Here is the code for the above image:

\documentclass[12pt, oneside]{article}
\usepackage{fancyhdr}
\pagestyle{fancy}
\lhead{\fancyplain{}{\leftmark }}
\rhead{}
\usepackage{lipsum} %only for dummy text

\begin{document}
    \section{Introduction}
        \lipsum[2]
    \section{Overview}
        \lipsum[2]
\end{document}
1
  • In typography, this is considered to be the correct behavior. The header refers to the section that ends the page.
    – yo'
    Feb 8, 2013 at 16:59

1 Answer 1

5

titleps - as an alternative to fancyhdr - provides \toptitlemarks and \bottitlemarks to identify the top/bottom titles on a page, respectively.

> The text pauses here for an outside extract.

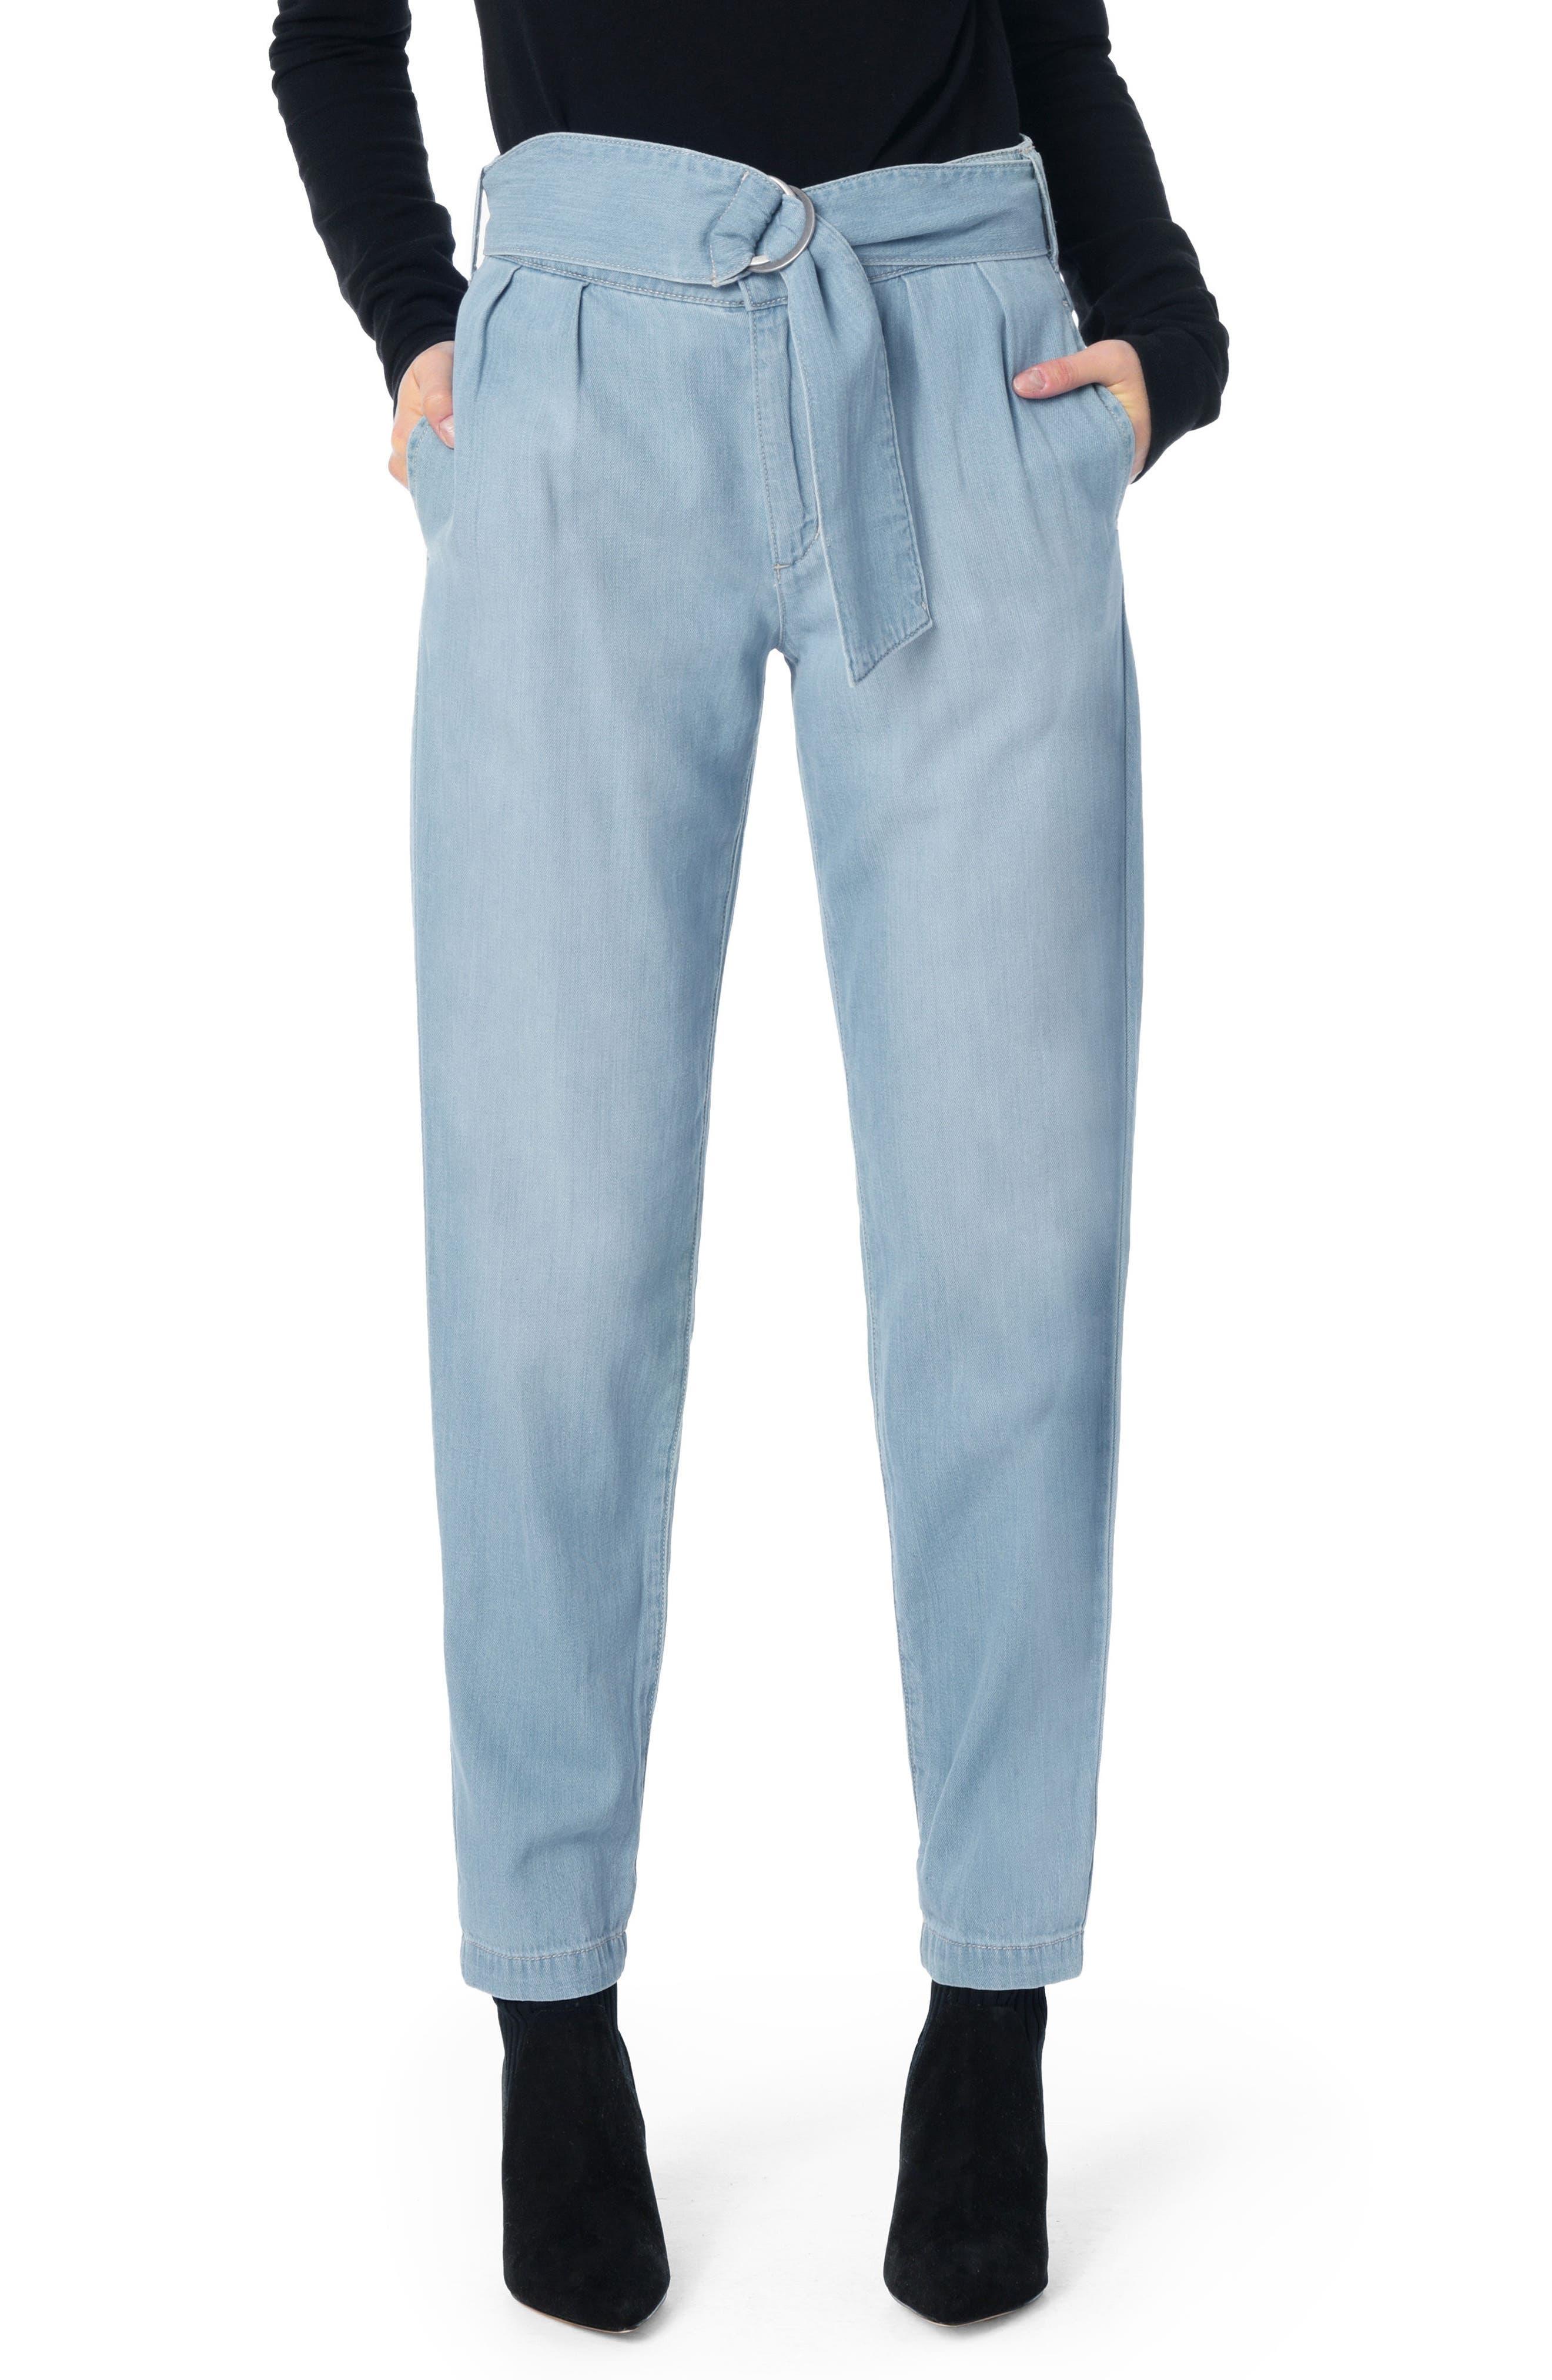 Paperbag Trouser Pants,                             Main thumbnail 1, color,                             MARIANNE

It should not be difficult to switch to titleps, in my opinion. Here's a short example that illustrates this (click the image to enlarge):

enter image description here

\documentclass[oneside]{article}
\usepackage{titleps,lipsum}% http://ctan.org/pkg/{titleps,lipsum}
\newpagestyle{main}{%
  \sethead
    {\toptitlemarks \thesection \quad \sectiontitle}% left
    {\thepage}% centre
    {\bottitlemarks \thesection \quad \sectiontitle}% right
  \setheadrule{.4pt}% Regular header rule
}
\pagestyle{main}
\begin{document}
\section{Introduction}
\lipsum[1-3]
\section{Overview}
\lipsum[4-6]
\section{Conclusion}
\lipsum[5-9]
\end{document}

The above MWE produces 3 pages with headers:

1 Introduction       1           2 Overview
...
2 Overview           2         3 Conclusion
...
3 Conclusion         3         3 Conclusion
...

Obviously page 3 presents a problem. However, you might not be interested in a dictionary-style header (showing both the first and last section on the page).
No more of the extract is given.